Footbath Cafe & Bar Donyoku delivers on its name – it's a café/bar that also has footbaths, so you can sip on a cuppa while dipping your toes in the hot baths set up under the tables. But what sets Donyoku apart even more than that is the warm community they foster with their patrons.
Along with two tables with footbaths, they have a couple of conventional tables, hammocks and counter seats. Families and teenagers are also welcome to drop by and chat with the staff or pick up a book to read from the ‘travelling bookshelf ’, where customers regularly drop off and pick up tomes for free.
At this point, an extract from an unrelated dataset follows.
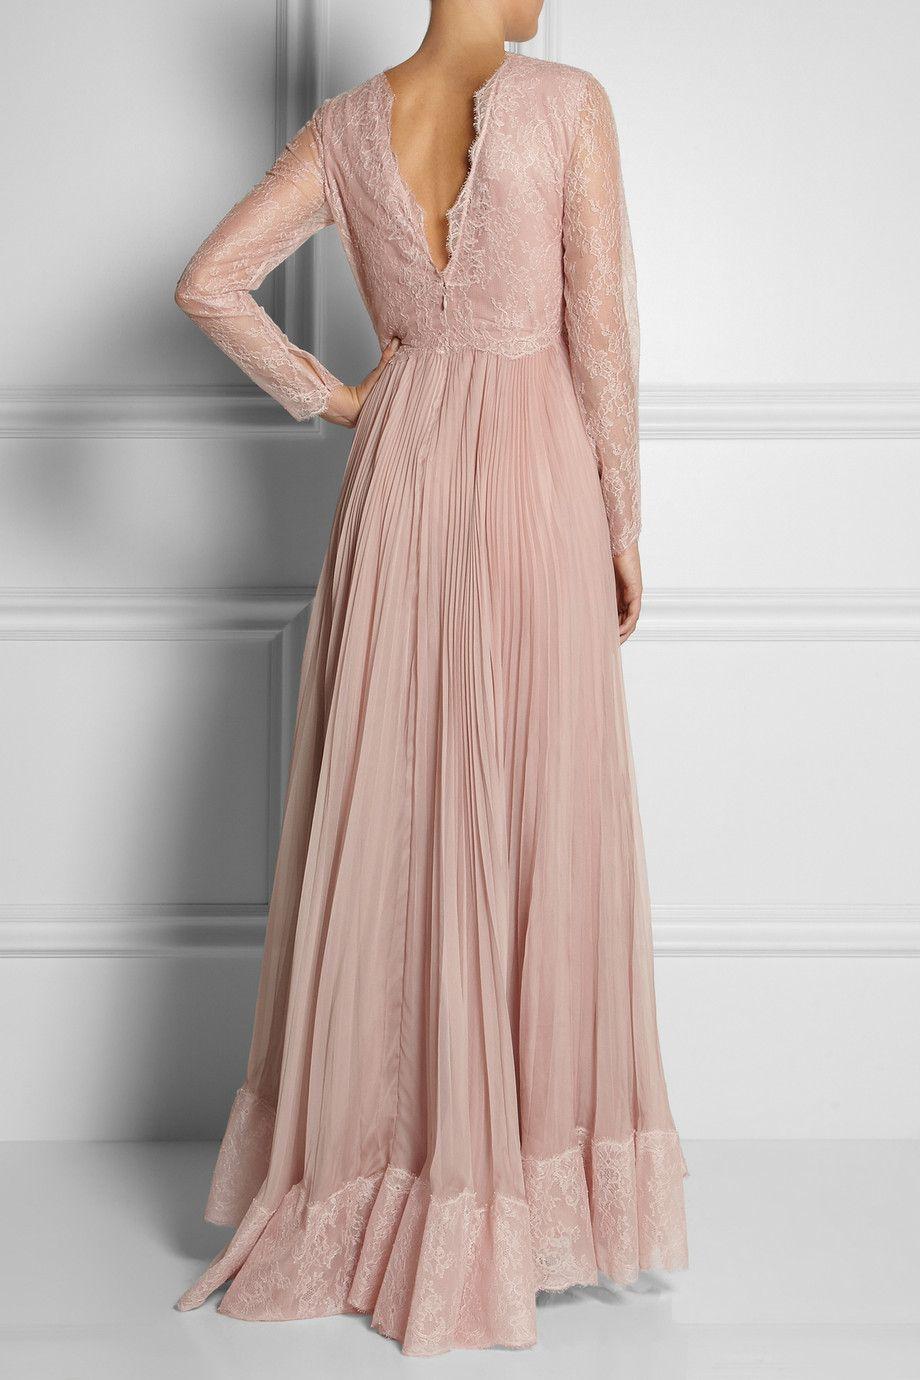 Valentino | Lace and silk gown | NET-A-PORTER.COM | Vestier ...

As for the food, Donyoku’s Vietnamese sandwiches are especially noteworthy, and they also have salads and Japanese rice bowls on their menu that start from just ¥800.
Located just a few minutes' walk from Ni-chome, this café and bar is all about creating a better world. It focuses on raising money and awareness for sustainable development goals such as clean water, gender and LGBT+ equality and green energy.
Shinjuku Dialogue is headed by transgender spokeswoman Syun-san, whose upbeat personality you can catch during its bar opening hours from 6pm to midnight. This safe space prides itself on being a place anyone can visit and have an open dialogue while enjoying tasty food and drinks. A portion of the proceeds from every drink order is donated to the social cause of your choice. The café menu includes seasonal Japanese-style rice dishes, Western sweets and snacks starting from ¥250.
Best summed up by its motto ‘Música y Anti-Capitalismo!’ (‘Music and anti-capitalism!’), Lavanderia offers a refreshingly Spanish-focused space. You’ll find a remarkable selection of Spanish books on its vast bookshelves. Japanese and English books are available too, and the collection features a wide variety of art books and publications on music.
True to its anti-capitalism roots, Café Lavanderia is run by a collective of 18 members. The coffee costs between ¥300 and ¥500, depending on how much you want to pay, with several other drinks including orange juice and ginger ale also available. Best of all, the place is home to four ginger cats who will give you the warmest of welcomes.
Hoshio is not just any bar in Shinjuku Ni-chome; it’s also an art gallery, music venue and event space. The gallery focuses on young, up-and-coming artists while the exhibition changes every fortnight – plus, it’s manned by a different arts practitioner every day, be it a musician, photographer or visual artist.
From Monday to Thursday, you can also drop by Hoshio for lunch (11.30am-2.30pm). A collaboration with travelling curry specialist Spice Hut, the curry menu by chef Kobayashi has been a hit with the locals. The curry dishes (from ¥800) are made with fresh seasonal ingredients, and since it’s not too oily or heavy, you can easily pair them with a cold beer.
Shinjuku Ni-Chome, Tokyo’s gay district, is famed for its high concentration of bars, clubs and eateries catering to the entire LGBT community. But the neighbourhood is also home to a few more unlikely operations, including this book café – Tokyo’s only shop dedicated to LGBT-lit. Okamalt is run by Japanese gay culture pioneer To Ogura, a writer and magazine editor who is known as Margarette in drag queen circles. 500-600 titles from his collection of 10,000 publications can be freely browsed at the café – ¥1,500 gets you 90 minutes of access, plus a drink and snacks.
Located off the main Naka-dori crossing of Ni-chome, this cute LGBT-friendly venue is one of the few in the area that caters to both the day and night crowds. While after dark sees Cocolo draw in the party-goers, the diverse daytime crowd pluck treats from the extensive menu which includes 18 different kinds of tea, Vietnamese coffee and fruit cake that changes monthly. It also serves light options like salads, but go for the delicious taco rice if you want something more filling to line your tummy for the night ahead.